Gpt-4o-mini stops following instructions after a few turns

Hello,

Do you refer to the conversation context, i.e. the user messages here?

Care to explain this in a little more detail? How would citing a file vs using system prompt make a difference? And what do you mean by force operating parameters?

I get what you’re saying here and it may very well be part of the issue. Just to be clear, the model does call file search again in later turns, and most of the time it also calls my function search_catalog (which is what actually gives the model the material to show to the user). What it does not do after a few turns is actually integrate those resources in its message (markdown images in the text or calling show_resource). How would you reset that?

I am not using GPT 5. Currently, I’m experimenting with 4.1 mini (I moved away from the initial 4o mini because it really couldn’t follow instructions if its life depended on it). Does this advice still apply?

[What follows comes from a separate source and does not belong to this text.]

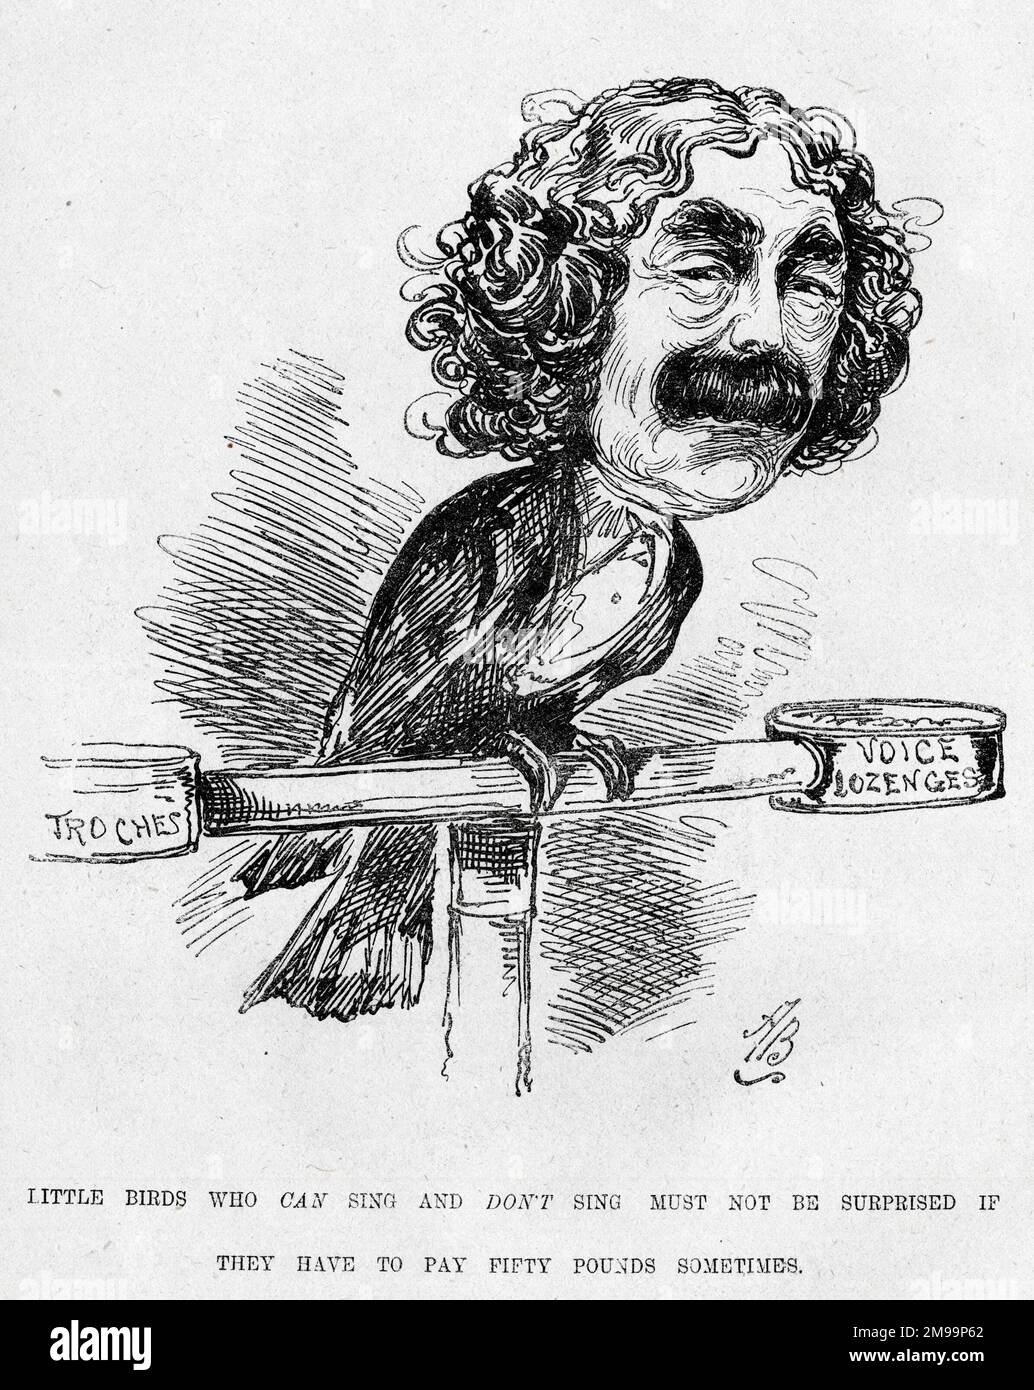 Cartoon, Little birds who can sing and don't sing must not be surprised if they have to pay fifty pounds sometimes. John Sims Reeves (1821-1900), operatic, oratorio and ballad singer, had been unable to perform because of a bad throat. Stock Photo

By “anchoring in chat” do you mean sending a developer/system role message with a reminder of the rule?

Also

What would be a concrete example of this?

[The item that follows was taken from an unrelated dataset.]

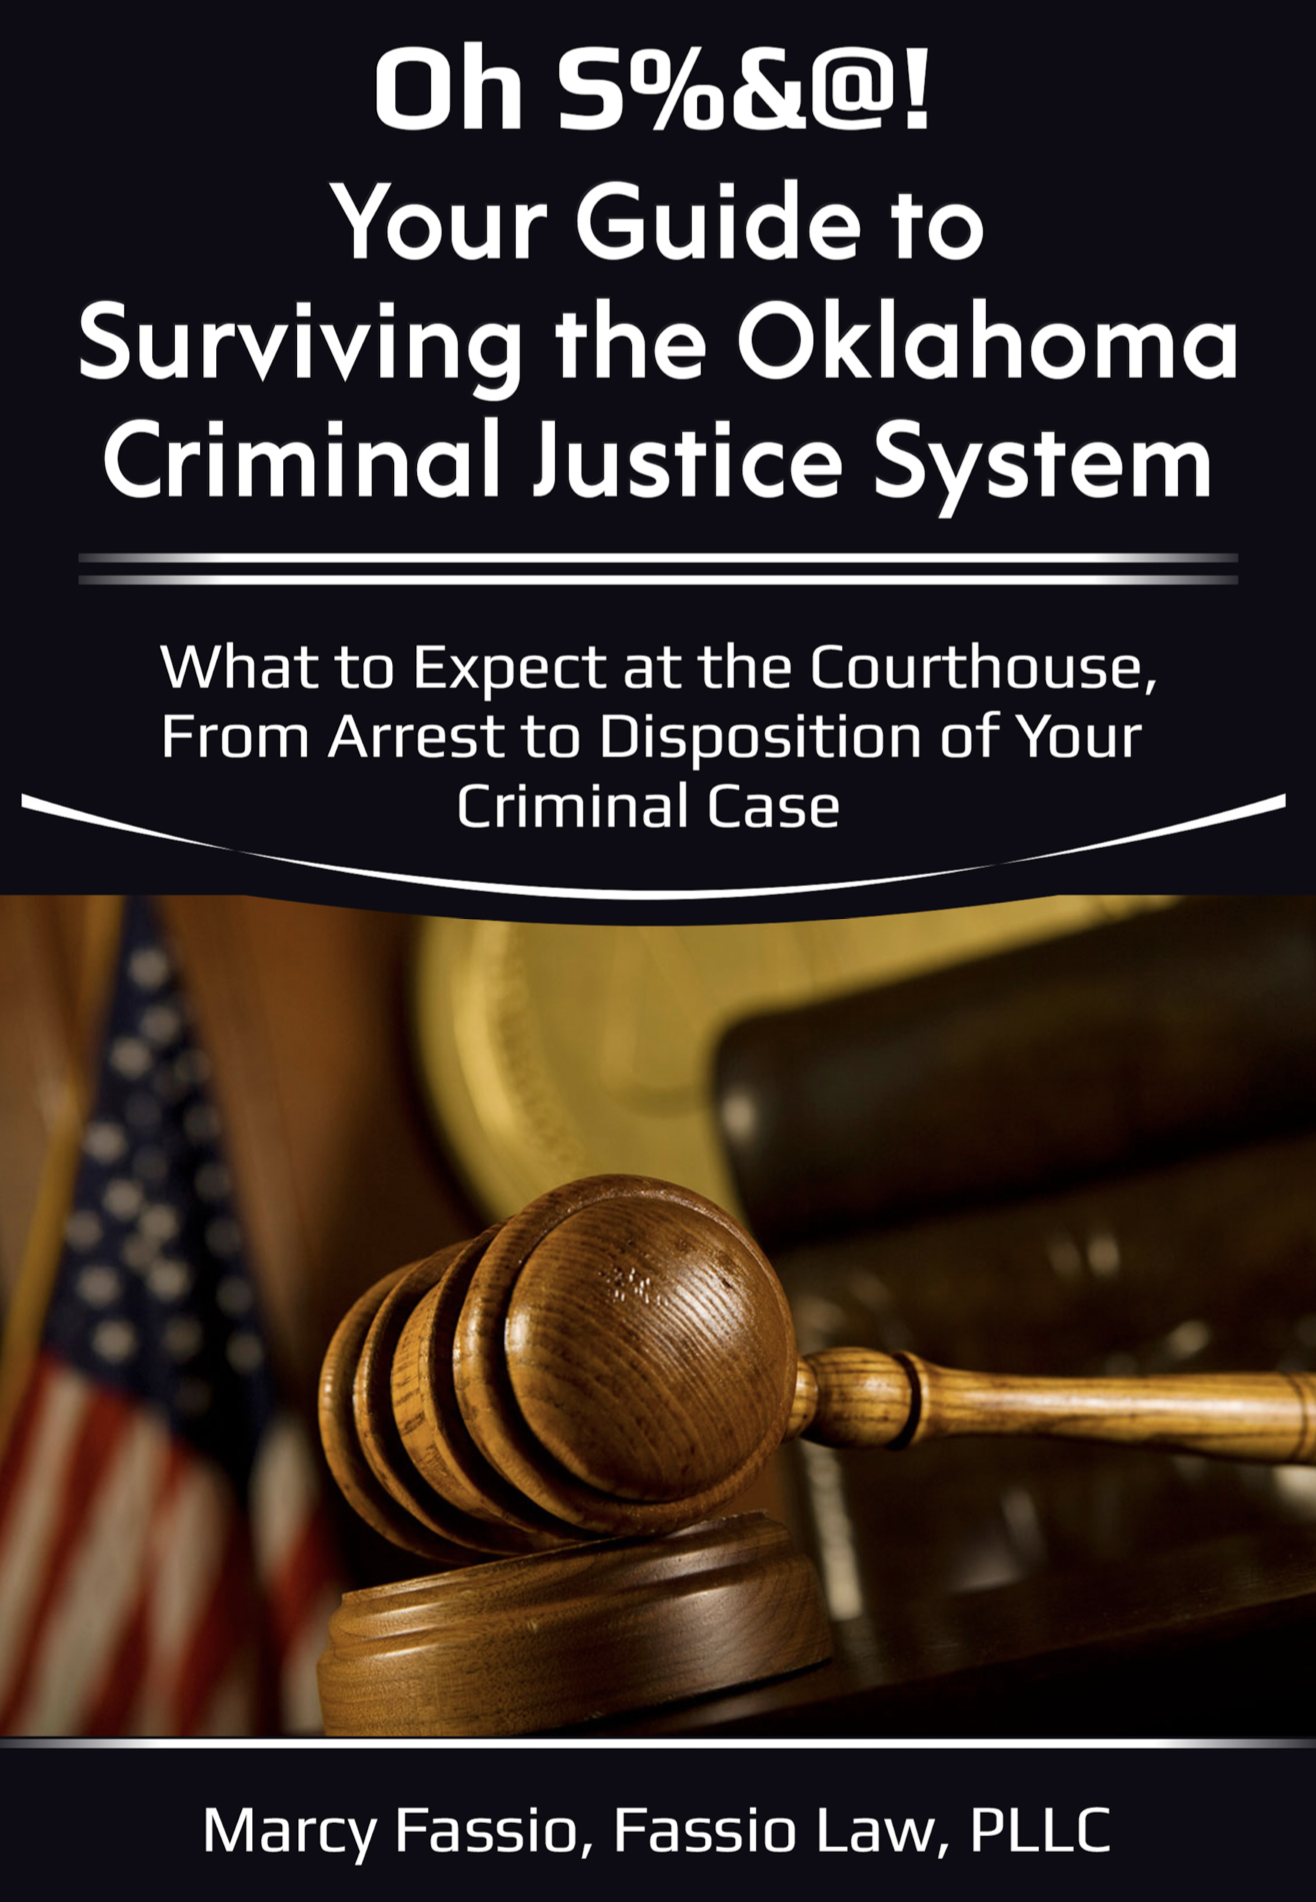 Your Guide To Surviving OK Criminal Justice System

Something I thought of could be this:

  • when I receive a user message, I classify its intent first (LLM-in-the-loop, for example sending it to 4.1 nano and returning a value such as “new_topic”, “confirmation”, etc.)
  • if the user message intent is classified as “new_topic” (or something equivalent), I also send the “main” chatbot a developer/system message telling it explicitly to call show_resource/integrate an image in the response
  • after the response has been generated, I check whether the model followed the instructions by verifying if show_resource was called / the text message contains ![...](...). If it doesn’t, I send a developer/system message to the model asking for a follow up and explicitly requiring it to integrate resources in the response.

Is such an approach close to what you were referring? My worry with this approach would be increased cost and latency, as well as possible cases of misclassifying user message intent.